My fascination is to develop simple and novel mathematical models to address interesting and challenging practical problems. During my PhD I have focused on text datasets, they are ubiquitous and possess some interesting challenges requiring novel techniques. Broadly, I am interested in
I am proficient and experienced in using both variational approximation as well as MCMC based inference for topic models. I like to explore different areas of application and in recent past I have worked with various types of text datasets like software projects, speech transcripts, multi-lingual corpora, news/blogs and comments. I have observed some challenging problems associated with these applications and developed novel mathematical models to solve them.
Overview of my recent work
Topic models are popular mathematical tools for analysing text datasets, where a corpus is a collection of documents. The state of art notion in topic models was to use single topic vector per document.

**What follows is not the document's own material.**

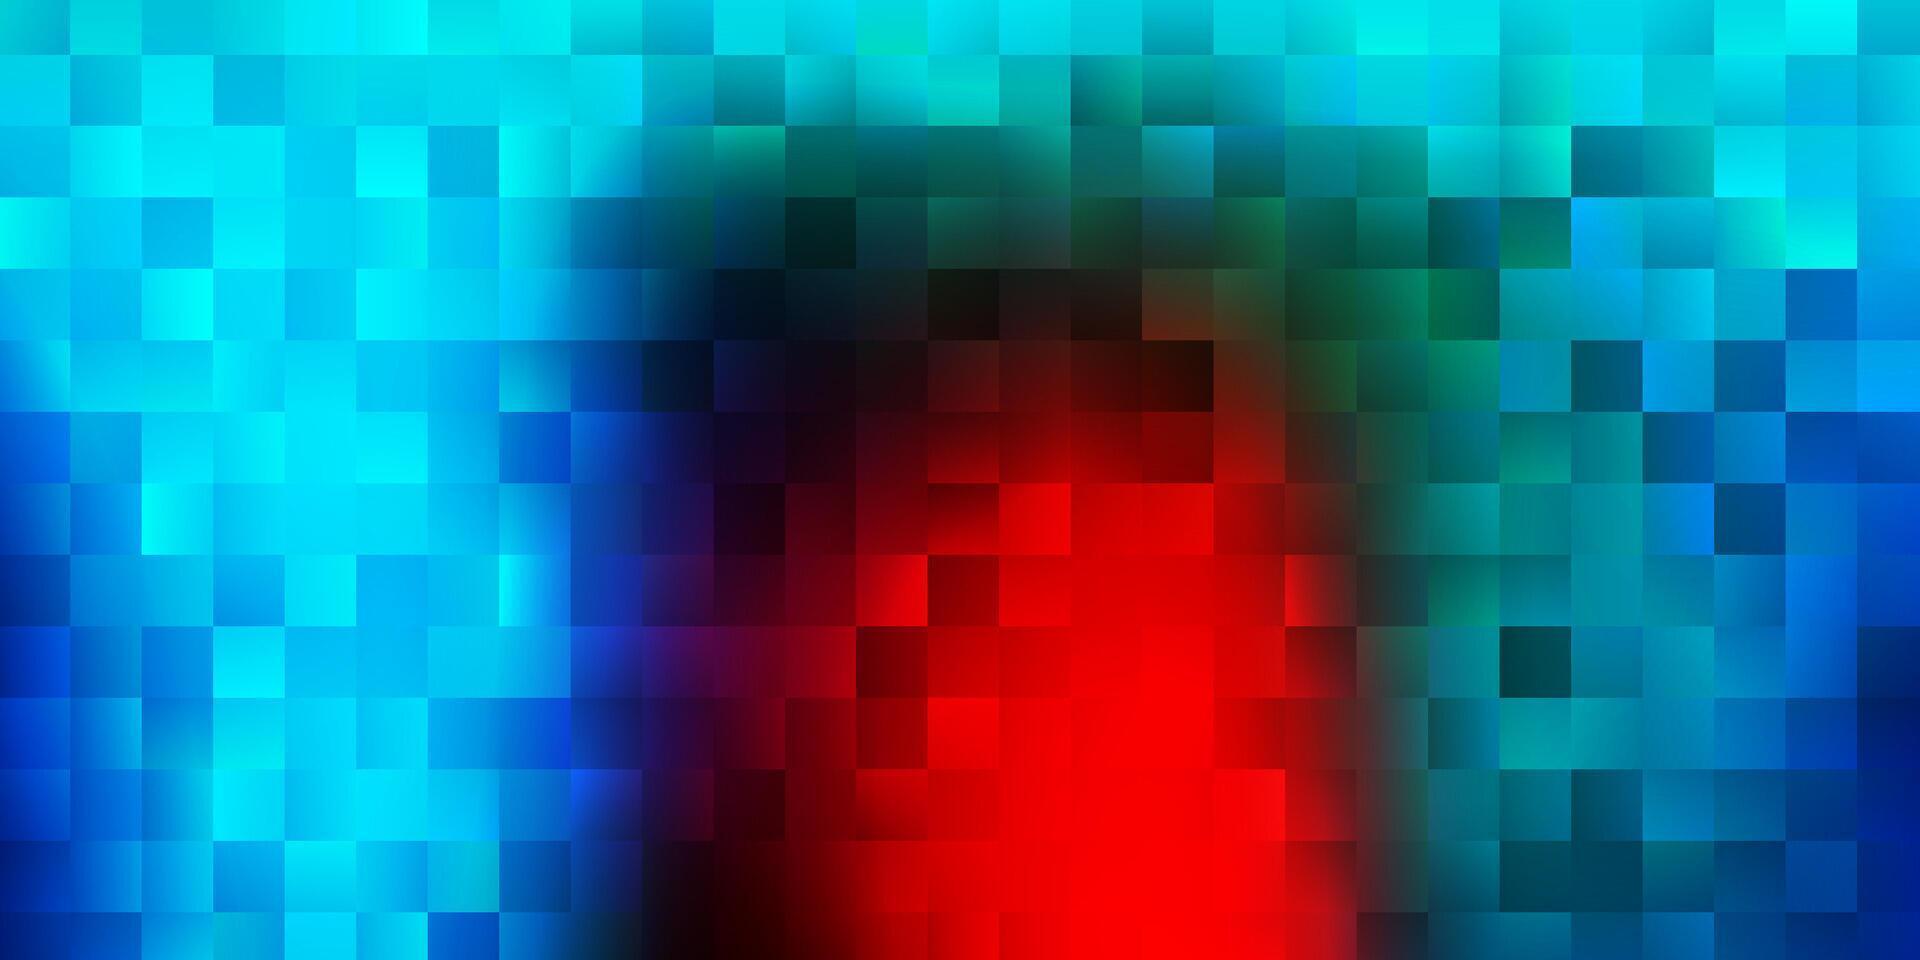 patrón de vector azul claro, rojo con rectángulos.

I came up with the novel yet simple idea of using multiple topic vectors (MTV). We have observed phenomenal ability of MTV in (i) discovering subtle topics, (ii) modeling specific correspondence. Both of them helped in inventing novel models (i) subtle topic models (STM, in ICML, 2013), (ii) specific correspondence topic models (SCTM, in WSDM, 2014).
Currently I am working on nonparametric Bayesian models for learning very large scale (more than 700 million tokens) datasets. There is NO method known using MCMC for such scale without using expensive parallel hardware. I have invented a novel Bayesian nonparametric prior and used the concept of MTV across documents to apply MCMC. We have observed significant results.